Маргарета упрямо стиснула зубы, выдохнула. Примерещившийся запах курева показался ей тошнотворным.
Потом она потянулась к Максу губами.
Они целовались глубоко, с чувством, долго и мягко. Маргарета подползла повыше, вцепилась пальцами в угол подушки, Макс привстал на локтях. Сталкивались носы, она щекотала ресницами его щёку, и от этого по телу почему-то пробегала дрожь. Шрам ещё этого его через бровь, вот ведь щегол! Мог ведь и не заводить такого шрама, чтобы не бить девичьи сердца!
Нет-нет, не маргаретино, конечно. Её-то сердце — в стальной панцирь заковано, в волшебном сундуке спрятано. Да и есть ли оно вообще, это сердце, или вытекло чёрной смолой давным давно, ссохлось да рассыпалось в труху?

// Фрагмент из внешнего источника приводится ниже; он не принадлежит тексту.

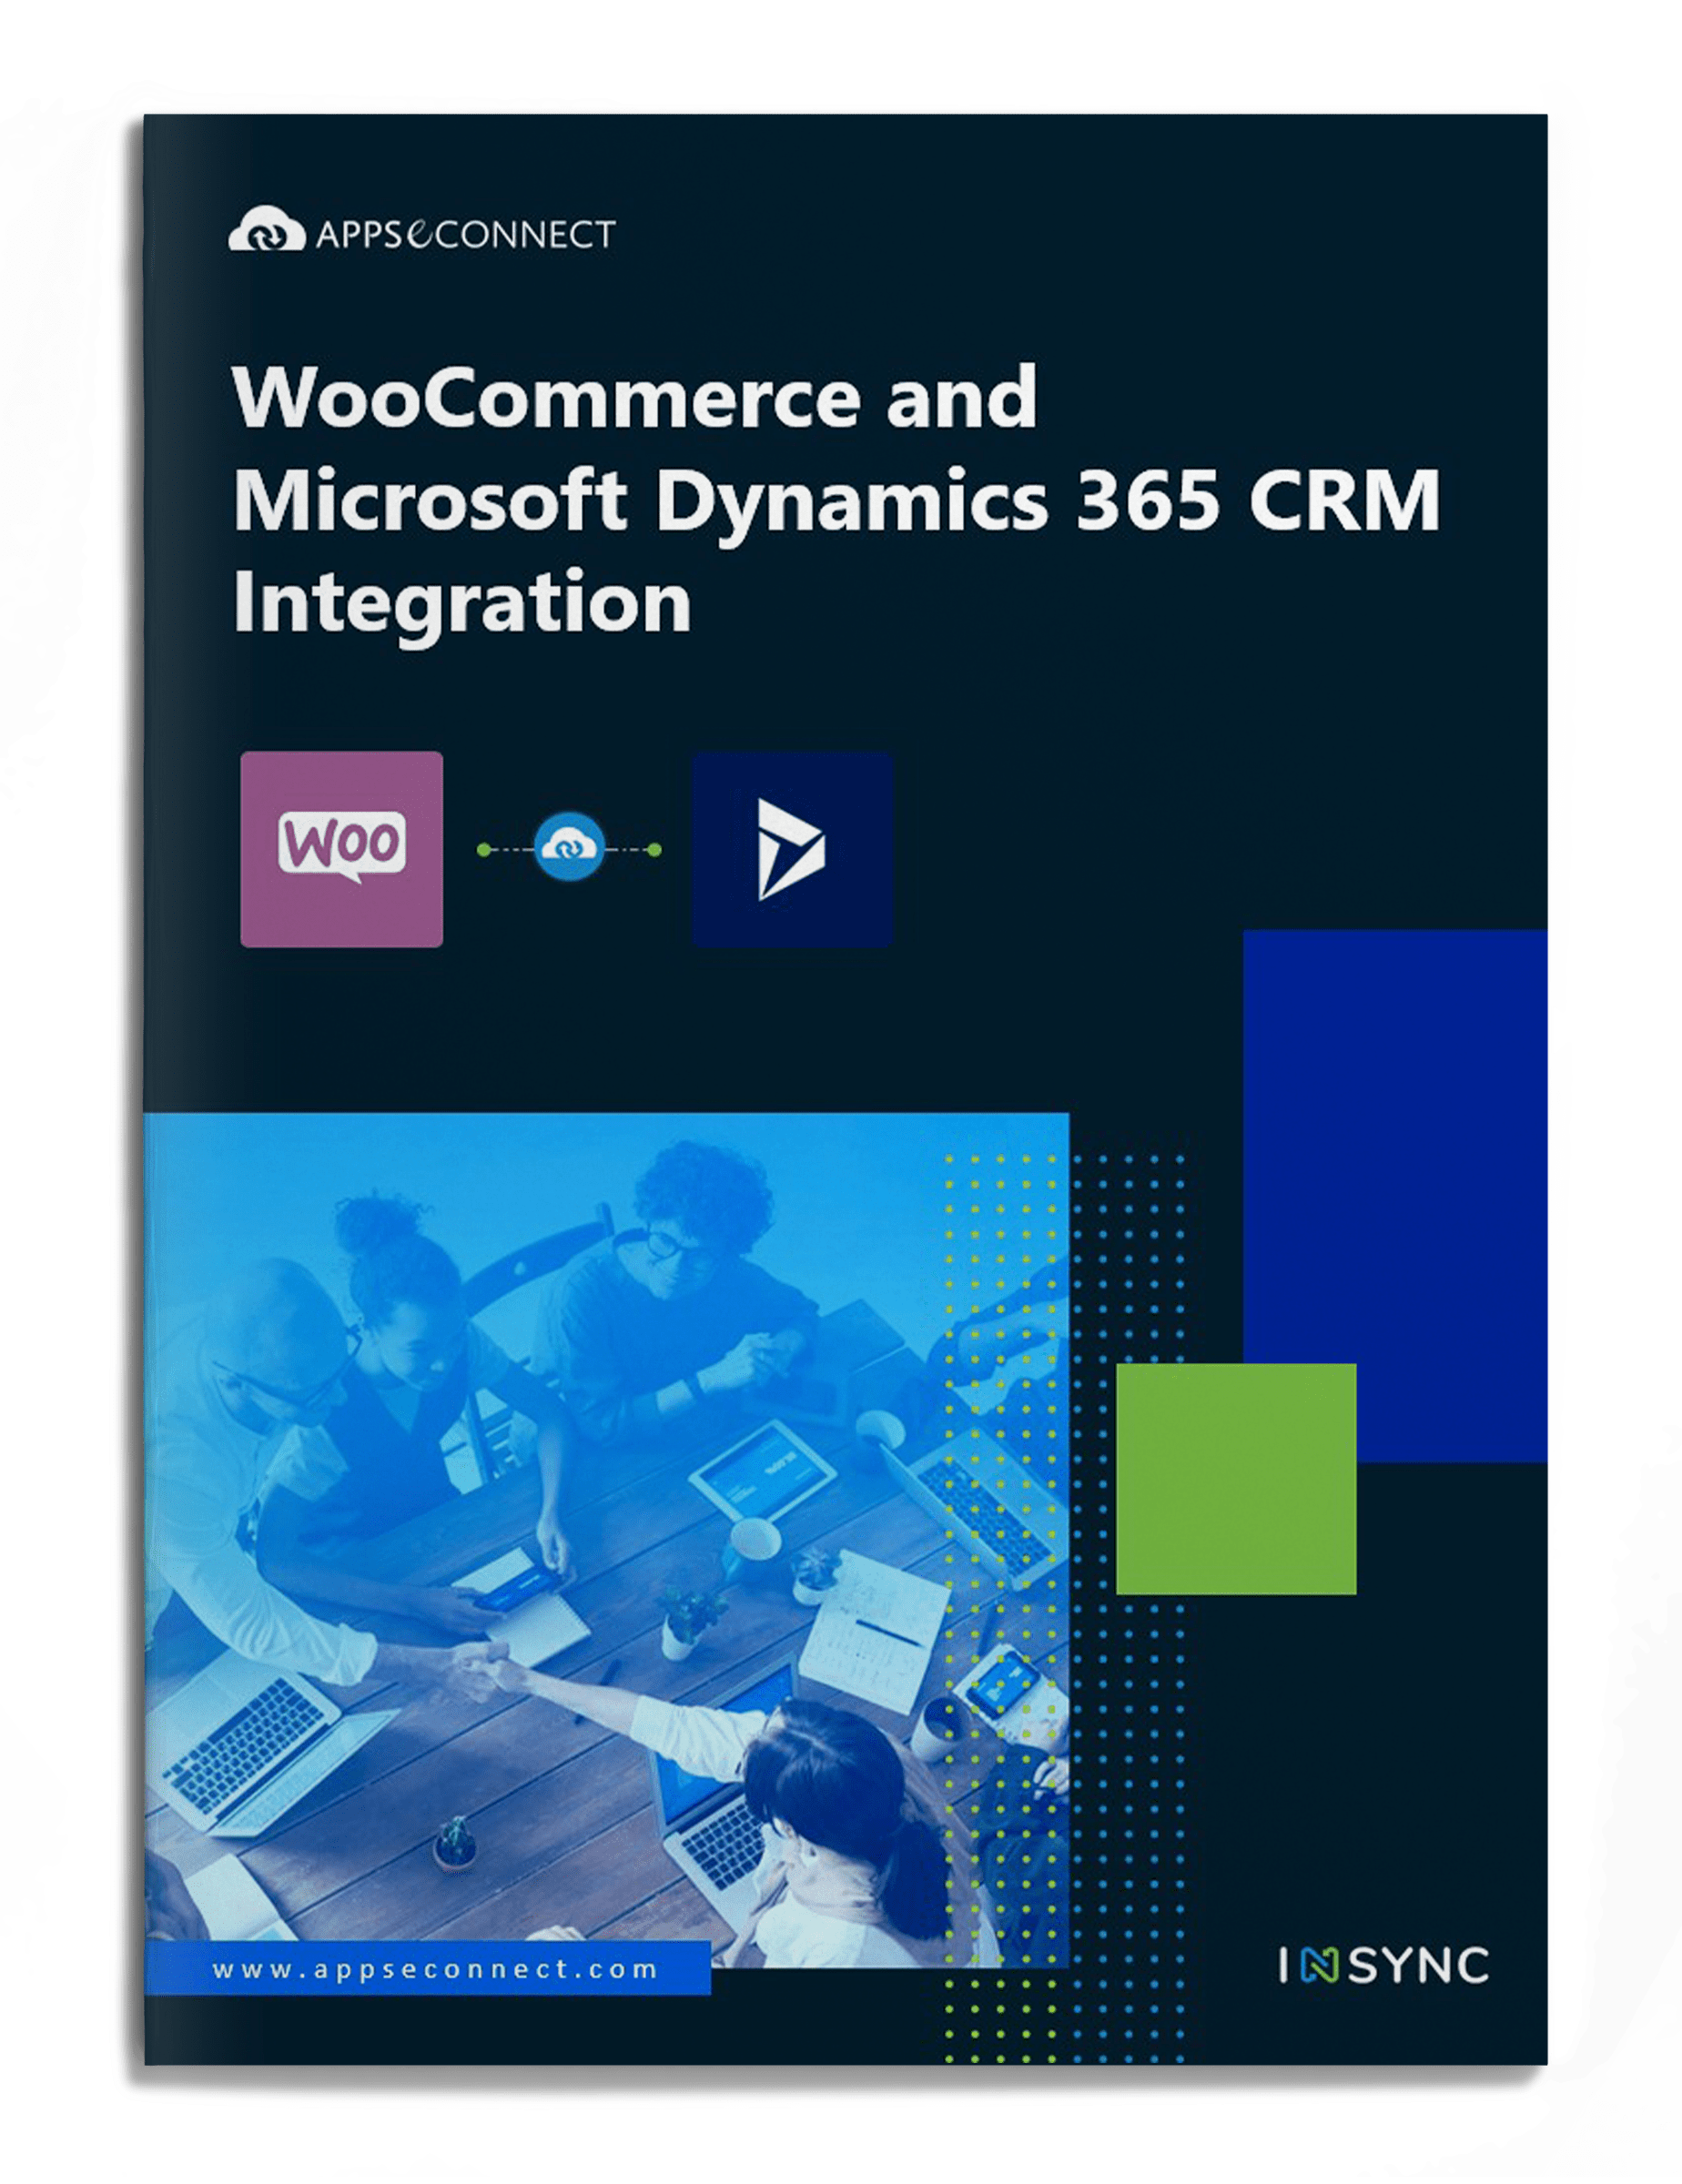 woocommerce-microsoft-dynamics-365-crm-integration-brochure-cover

Дыхание сбилось. Маргарета зажмурилась, хлюпнула носом и поцеловала глубже, требовательнее. Её качало, как невидимым течением в ласковых водах летнего пруда.
Когда он прервал поцелуй, она обиженно распахнула глаза и машинально коснулась пальцами припухших губ.
А Макс потёрся носом о его ухо и шепнул щекотно.
— Знаешь, что у меня есть?
Пошлое что-нибудь, поняла Маргарета.
Макс вытащил наружу её руку, распрямил пальцы, легонько подул. А потом поставил в самый центр ладошки маленькую оловянную виверну.
Она сидела, припав к земле и широко раскинув крылья. Хитрая сплюснутая морда, большие скруглённые уши, короткий толстый хвост. Поделка была не очень-то качественная, в металле виднелись швы, а чёрная краска облупилась, — но в зверушке виделся непростой нрав.
— Это Швабра, — с неожиданной нежностью сказал Макс.
Маргарета прыснула:
— Швабра? Ну и имечко!..
— А почему нет? Полезная вещь в хозяйстве!
Маргарета фыркнула. Диким вивернам давали имена всё больше за характер, и почти всегда выбирали более спокойных и уживчивых зверей, поэтому среди них бывали и Лопушок, и Обжора, и Табуретка. А в разведении малышей старались называть как-нибудь со смыслом, по-умному; как виверну назовёшь, так она и полетит…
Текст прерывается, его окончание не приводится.